- Given material -
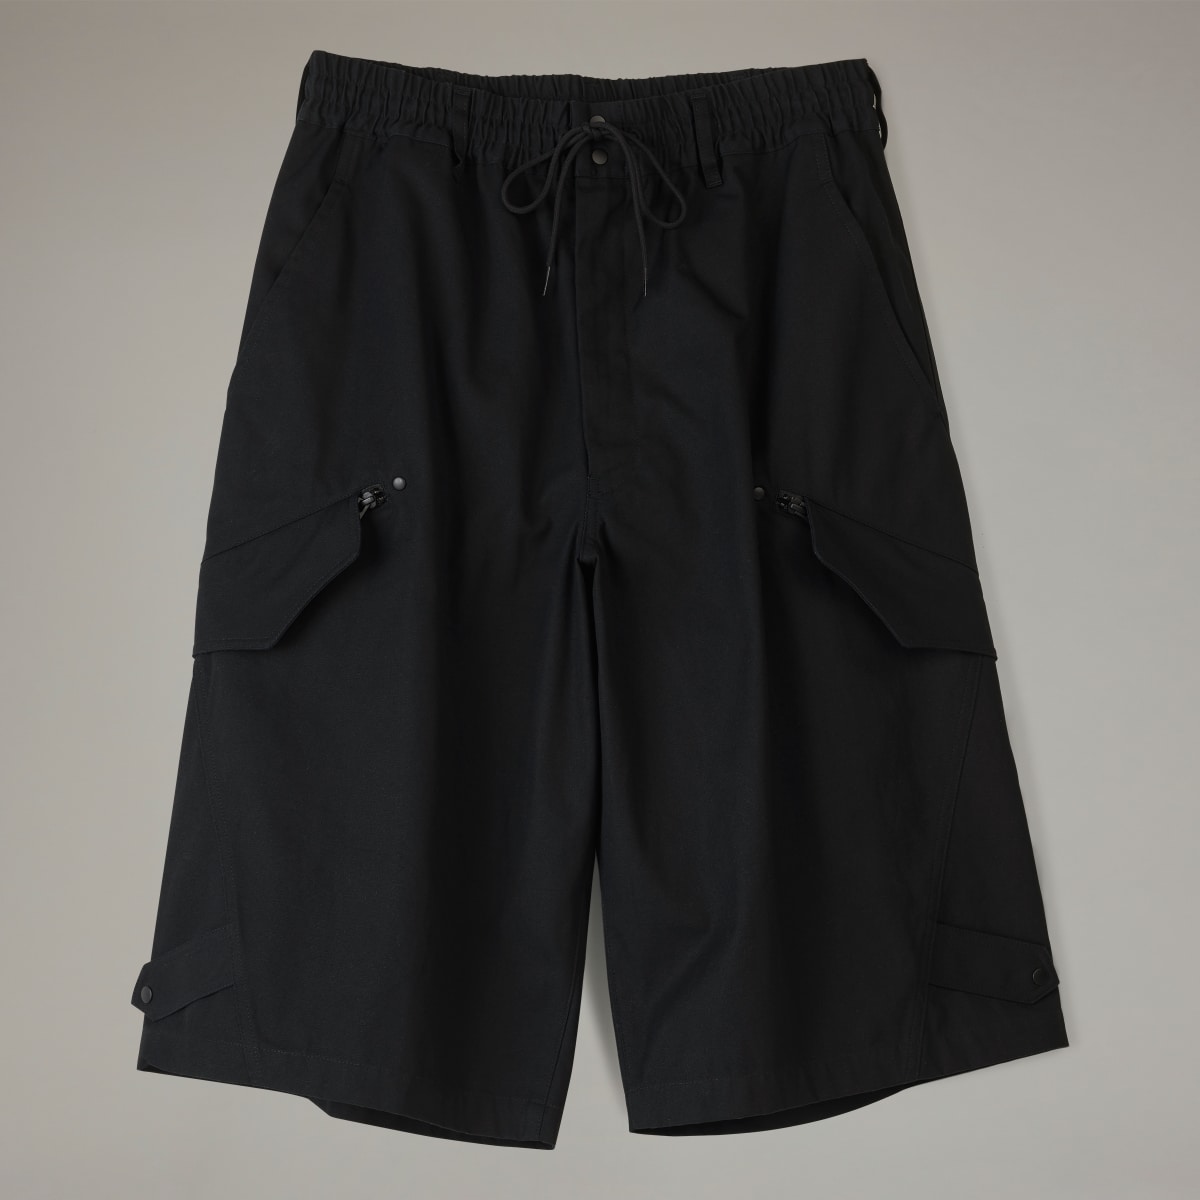 Adidas Y-3 Workwear Shorts. 5
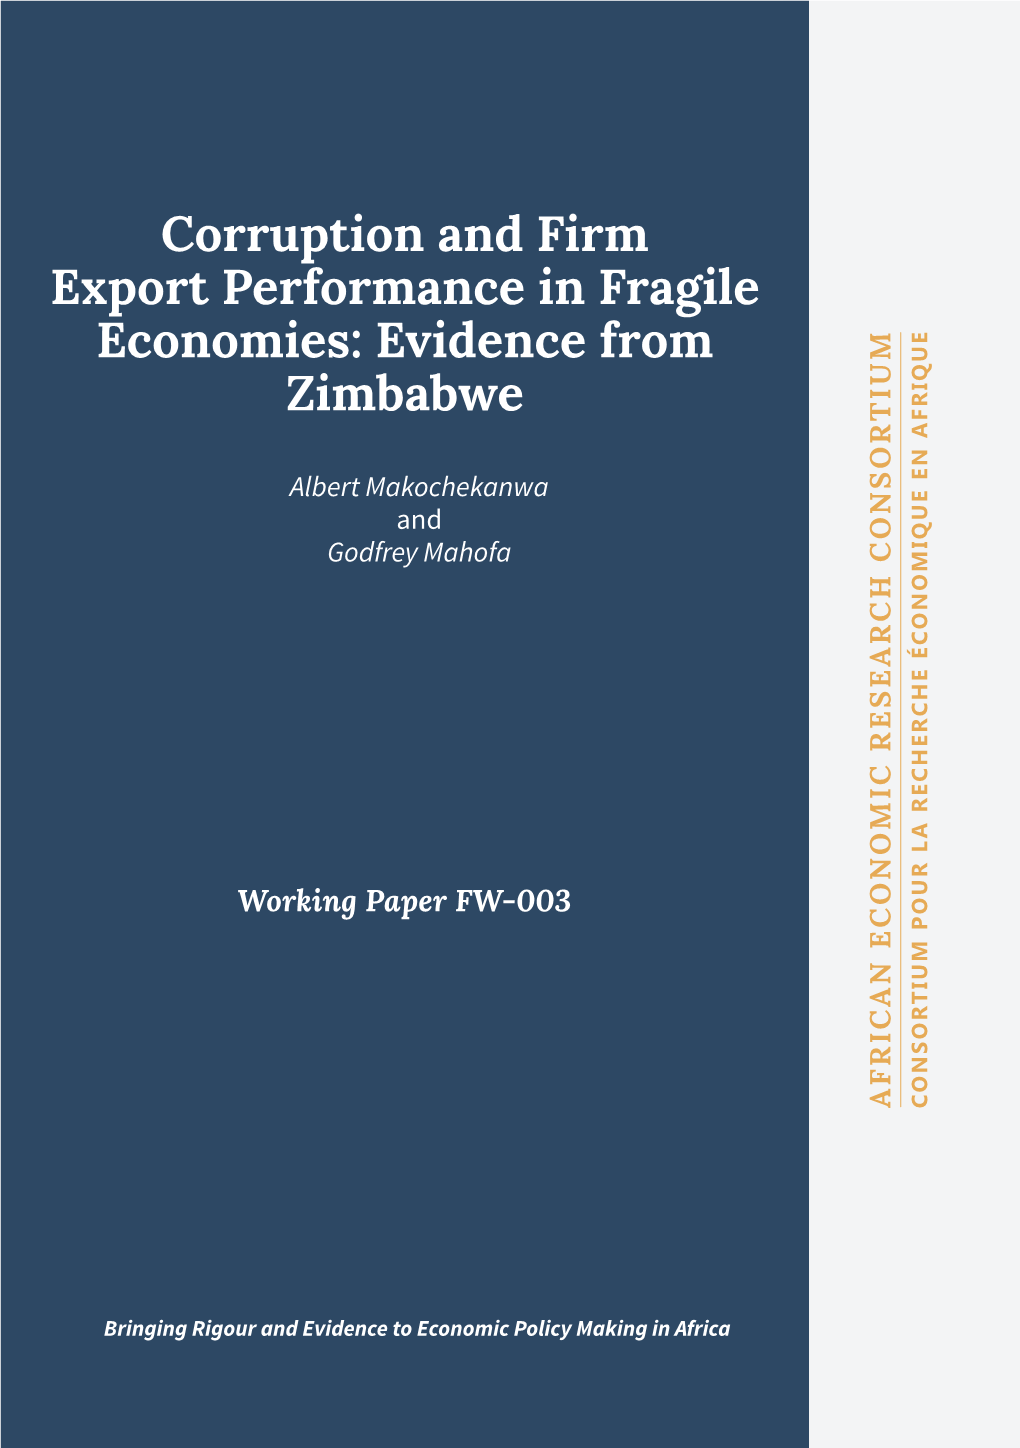 Working Paper FW-003 Zimbabwe Albert Makochekanwa Godfrey Mahofa And
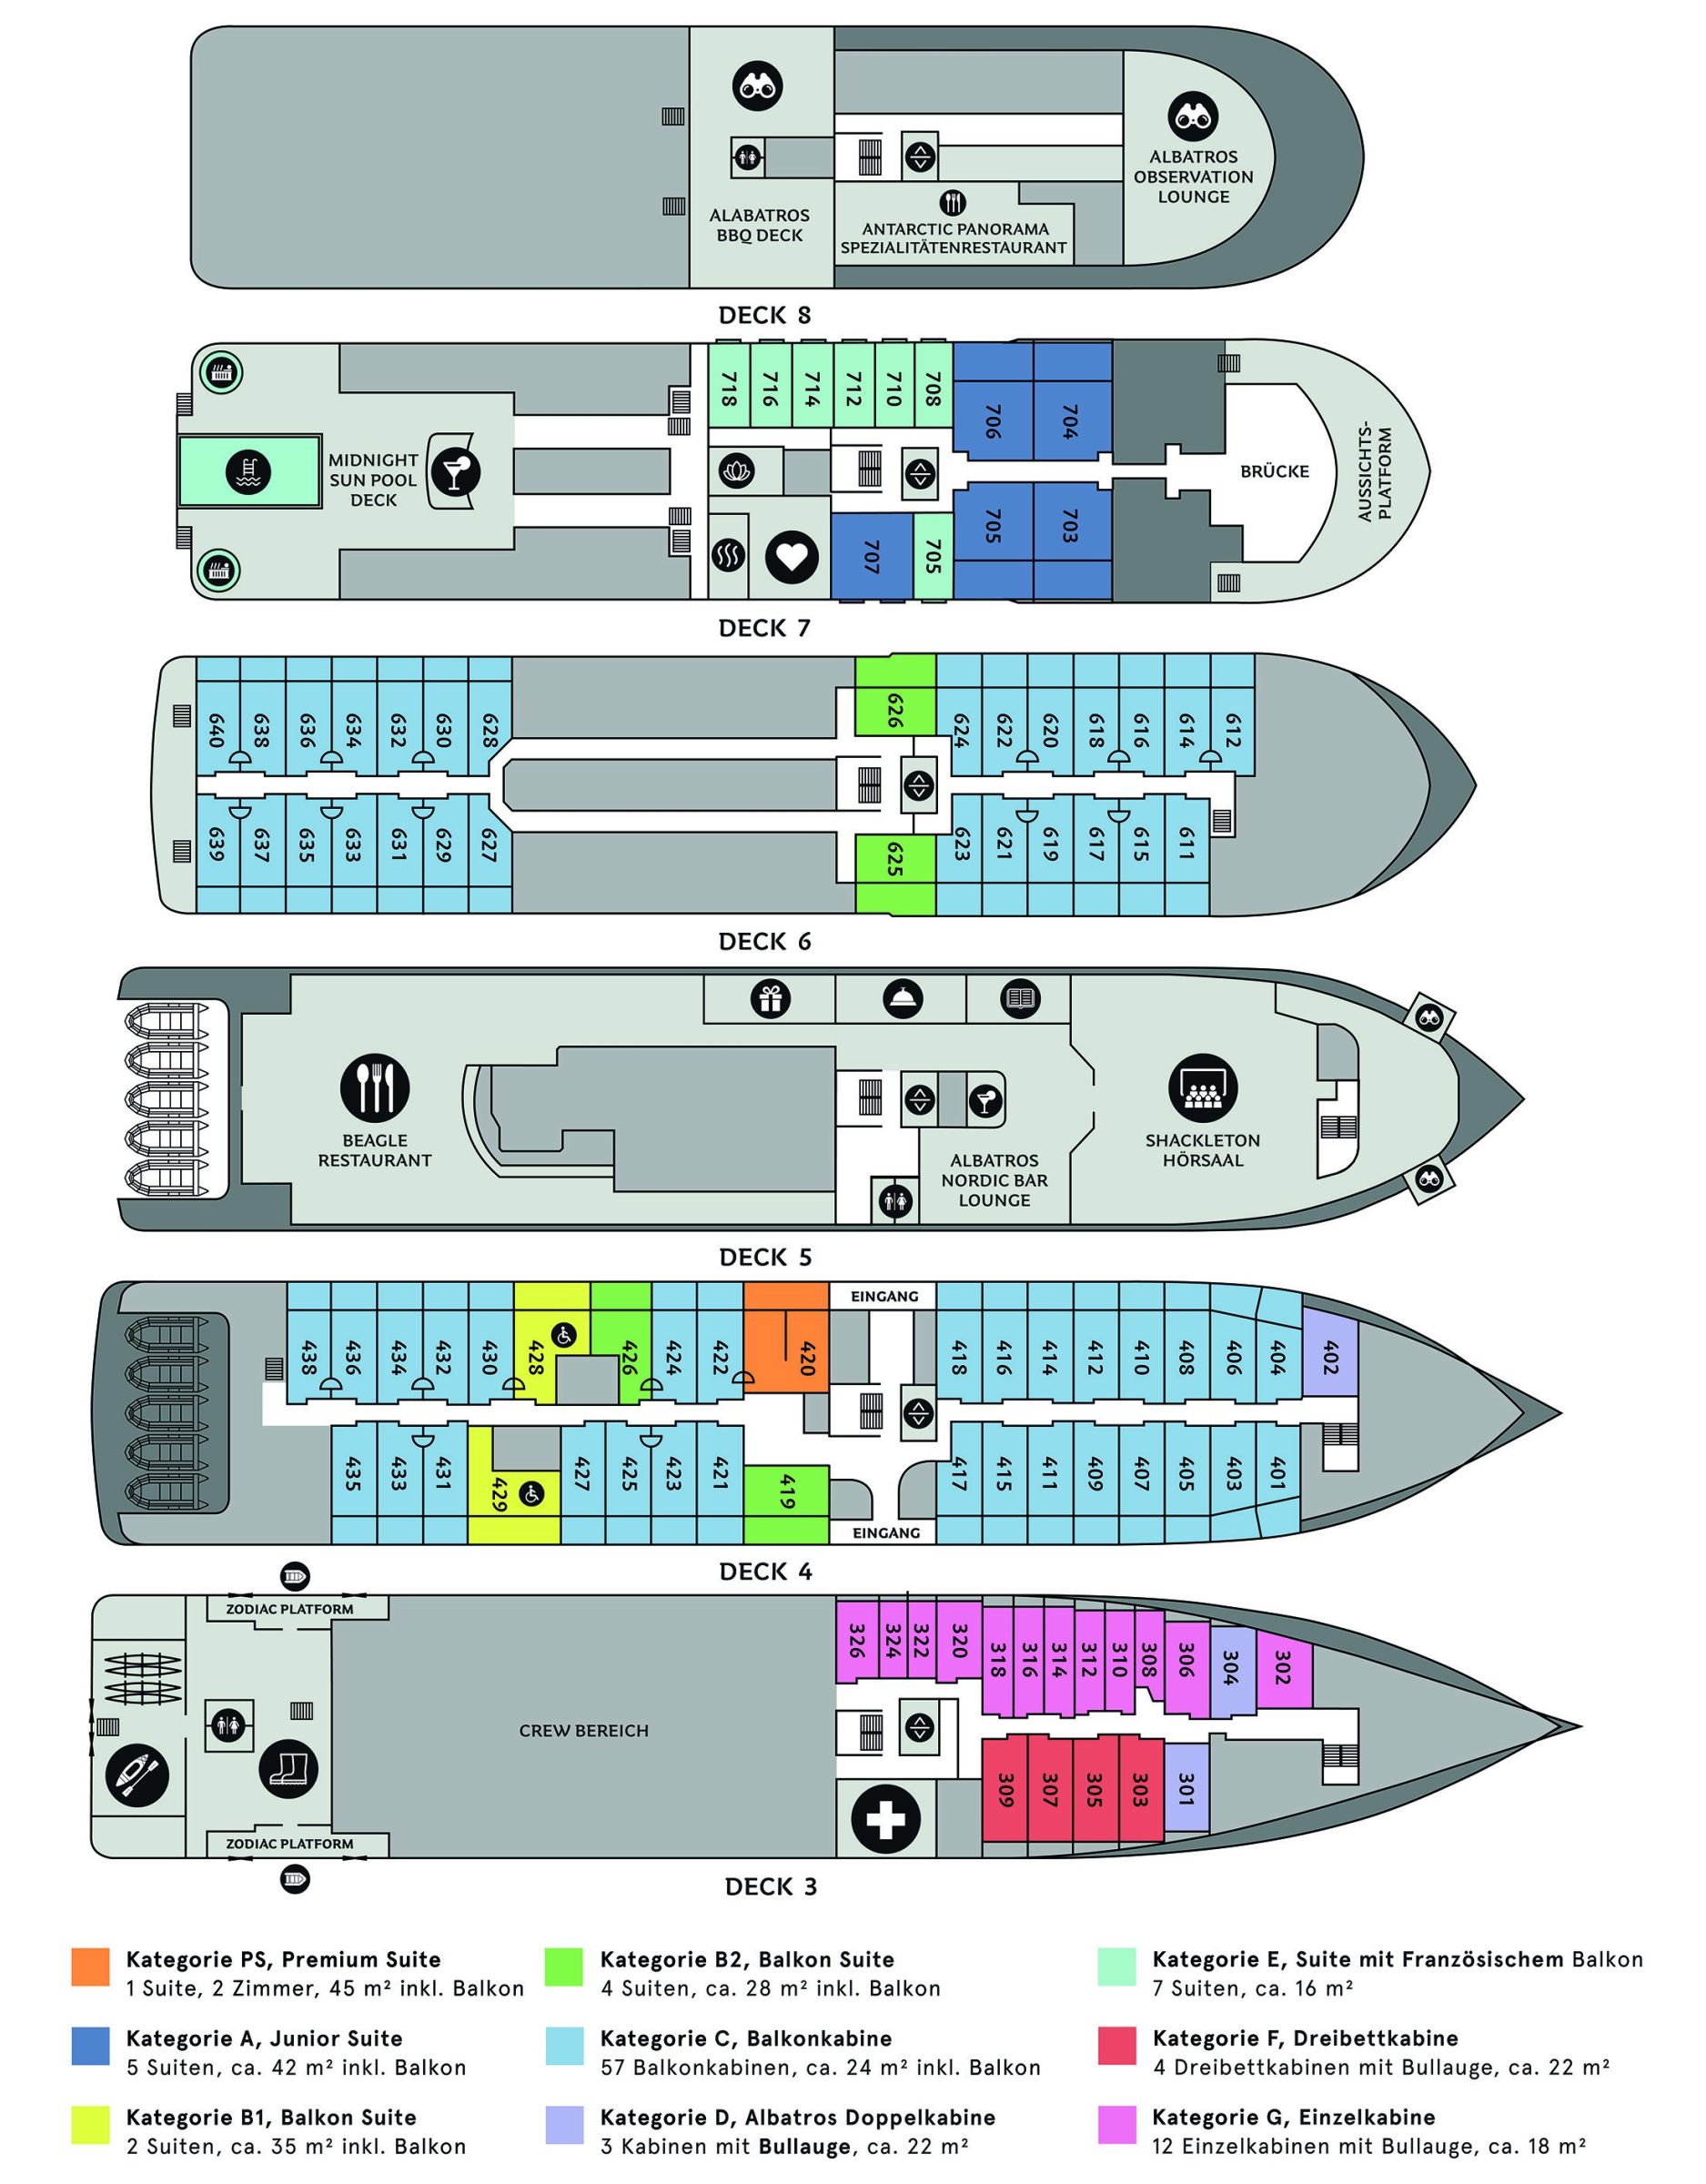 Deckplan m/v Ocean Albatros
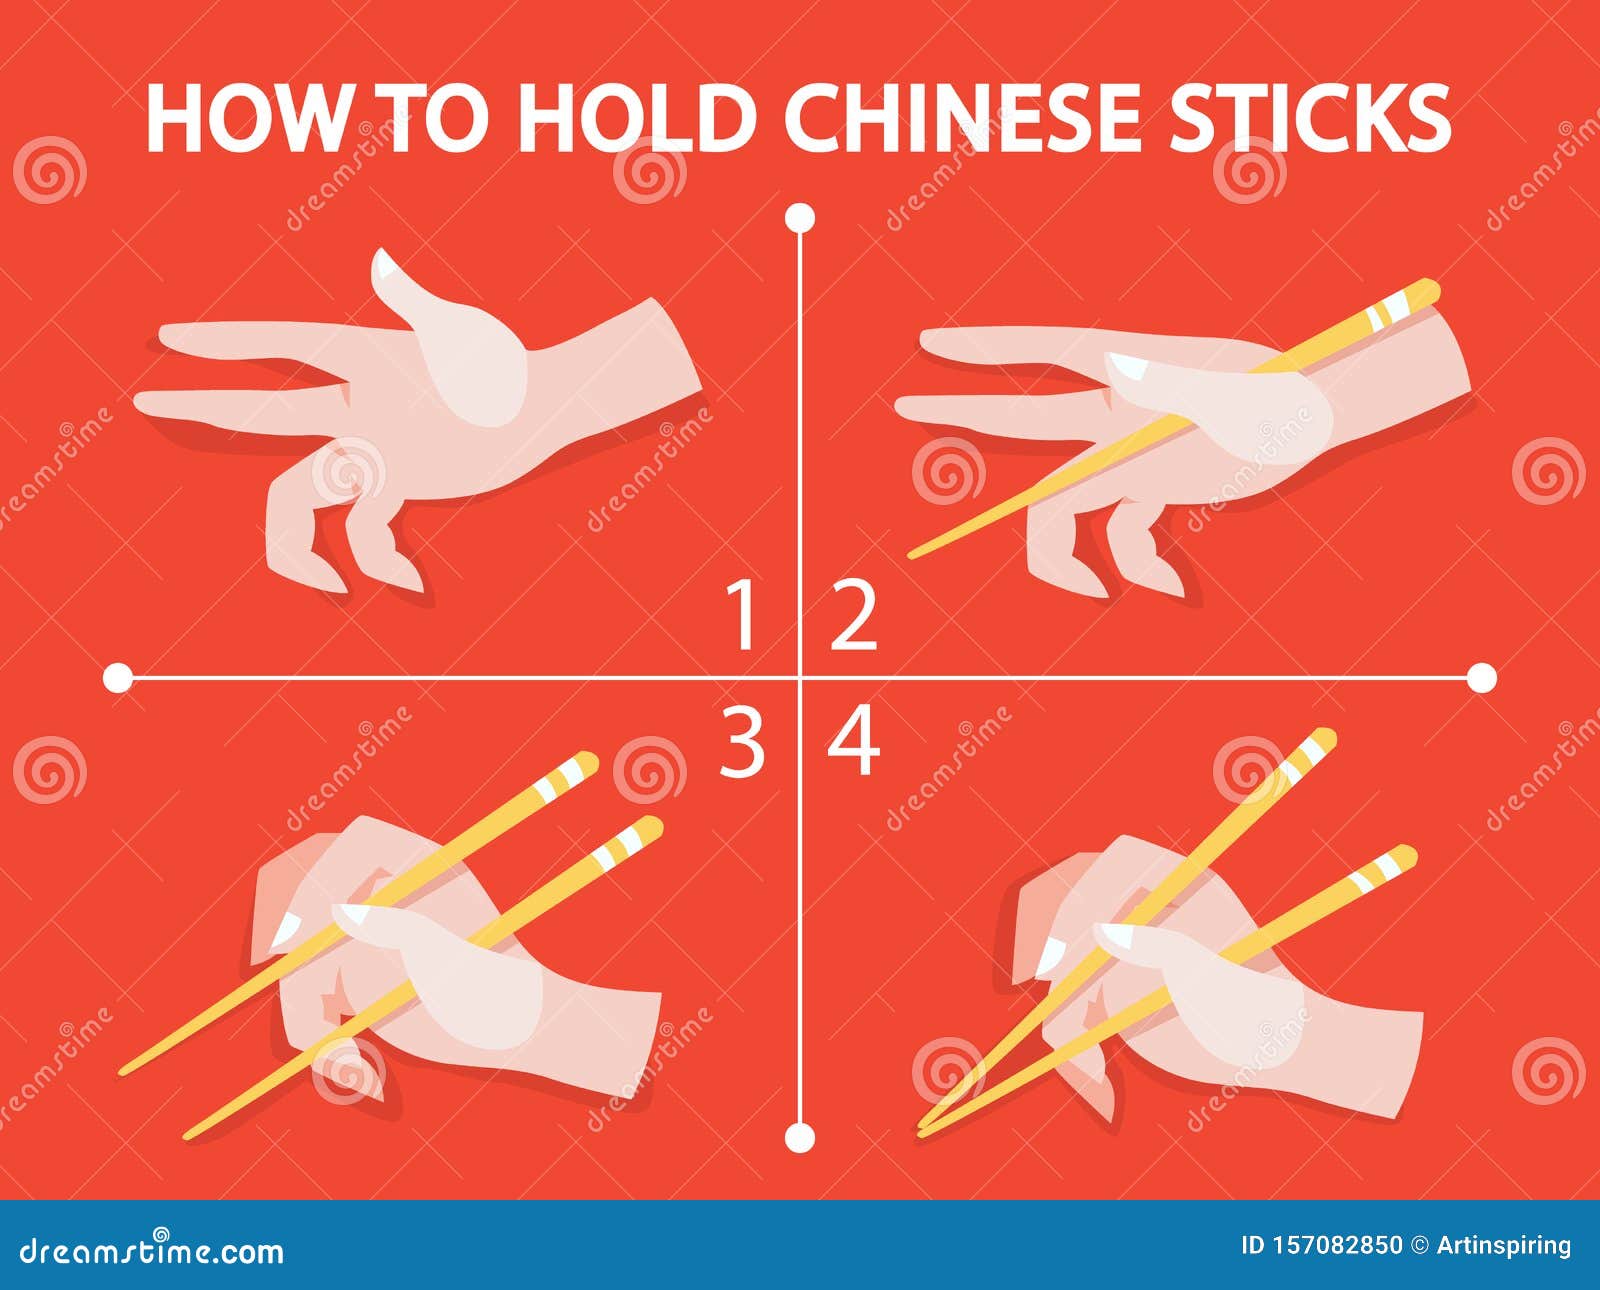 Comment utiliser les baguettes chinoises ?

- Problem -
Retype the listing verbatim, minus every image.

- Final answer -
 Adidas Y-3 Workwear Shorts. 5
 Working Paper FW-003 Zimbabwe Albert Makochekanwa Godfrey Mahofa And
 Deckplan m/v Ocean Albatros
 Comment utiliser les baguettes chinoises ?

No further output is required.